## [Data extract]
###

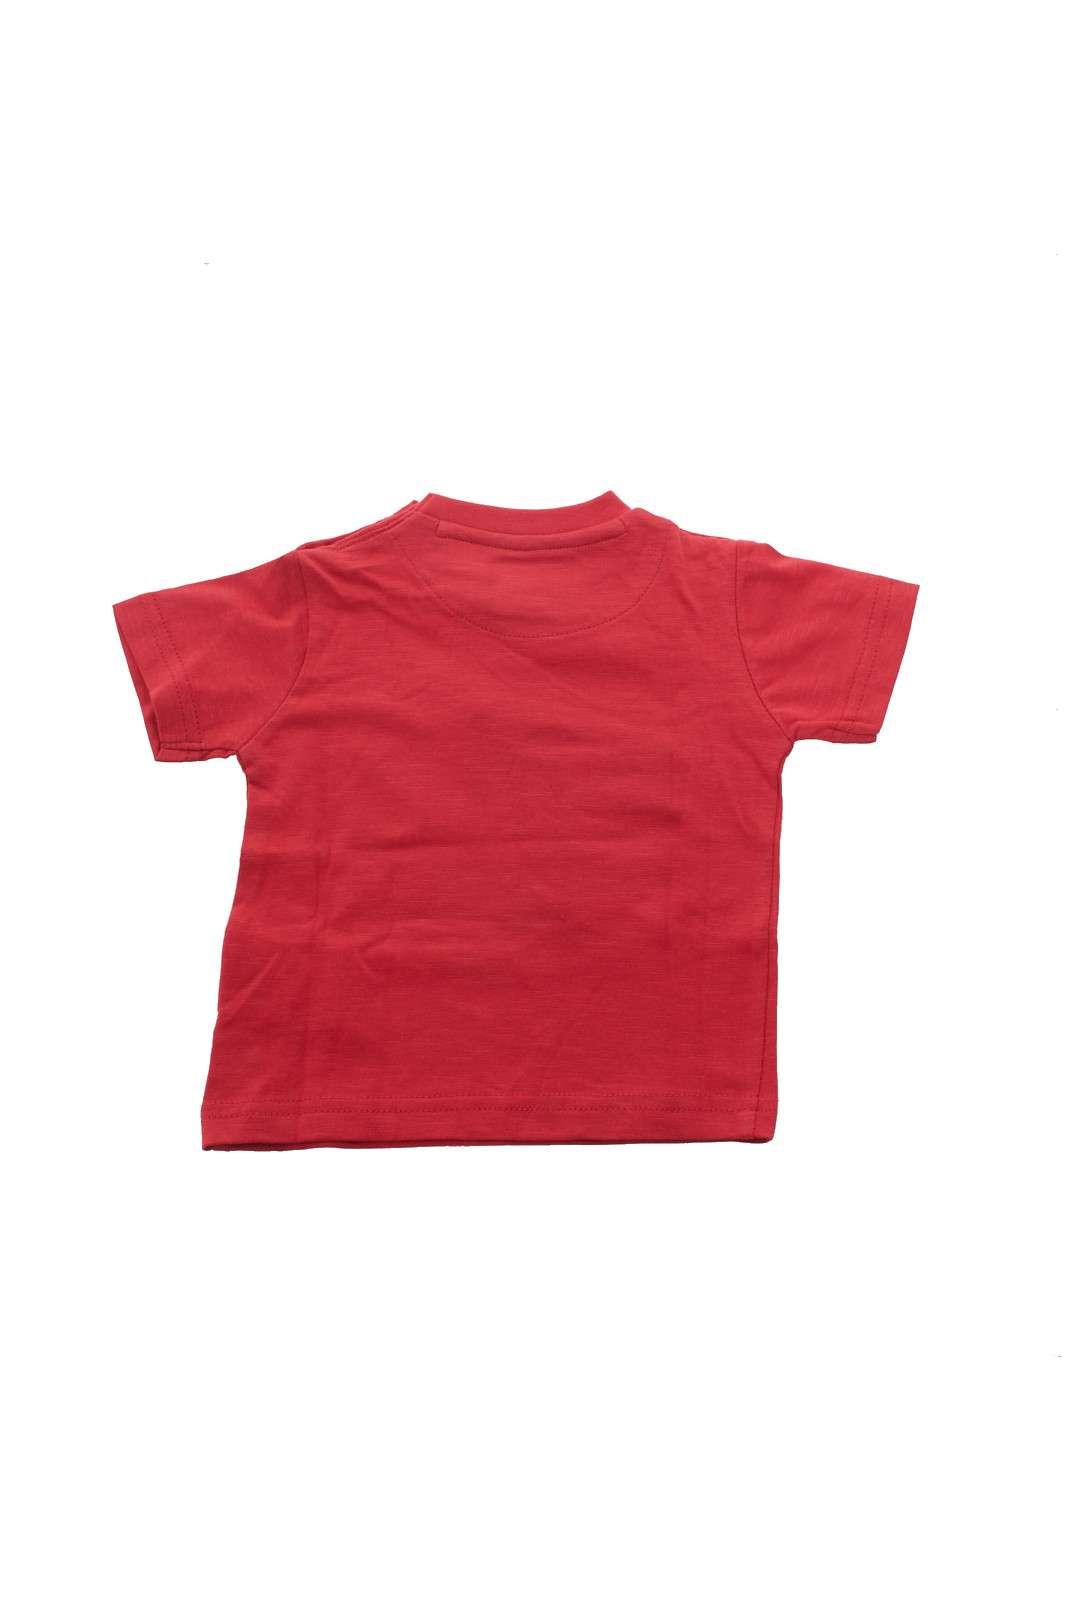 https://www.parmax.com/media/catalog/product/a/i/PE-outlet_parmax-t-shirt-bambino-Aspen-20022020-B.jpg
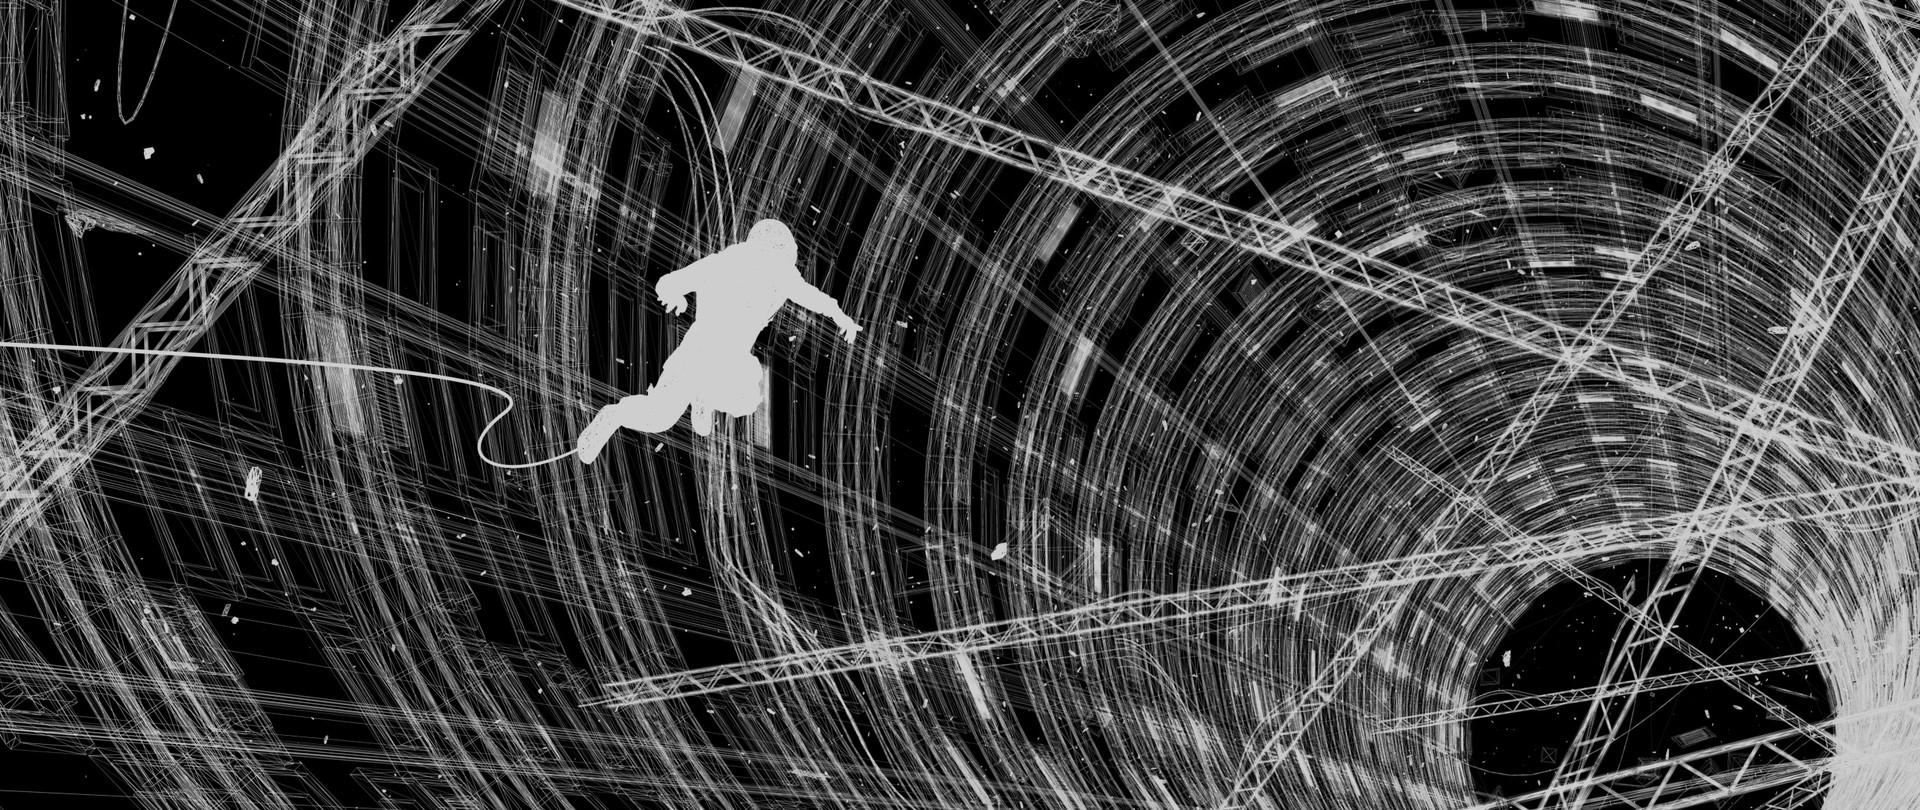 Andre mueller 20180906 weeklies astronaut wireframe
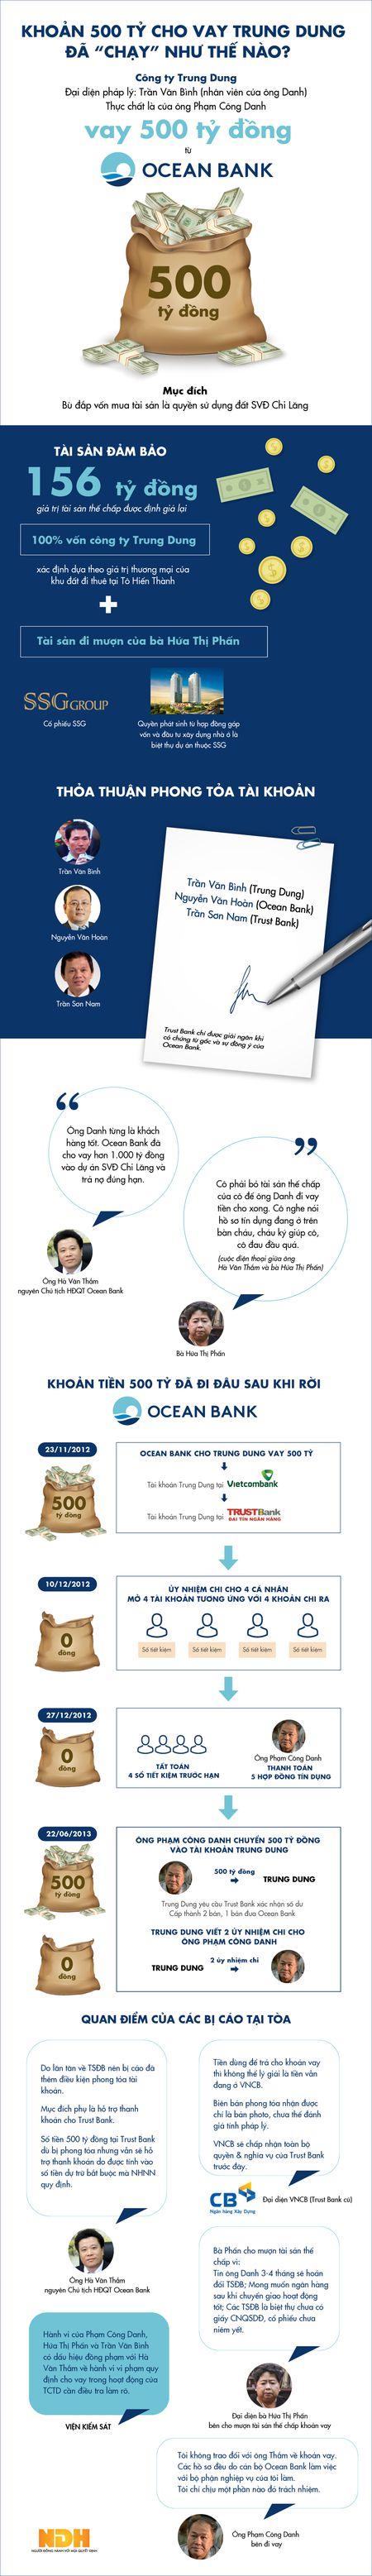 500 ty dong 'boc hoi' - gach noi giua hai dai an ngan hang - Anh 1

###

## [Task to carry out]
Restate the material word for word, minus pictures.

## [Task output]
 https://www.parmax.com/media/catalog/product/a/i/PE-outlet_parmax-t-shirt-bambino-Aspen-20022020-B.jpg
 Andre mueller 20180906 weeklies astronaut wireframe
 500 ty dong 'boc hoi' - gach noi giua hai dai an ngan hang - Anh 1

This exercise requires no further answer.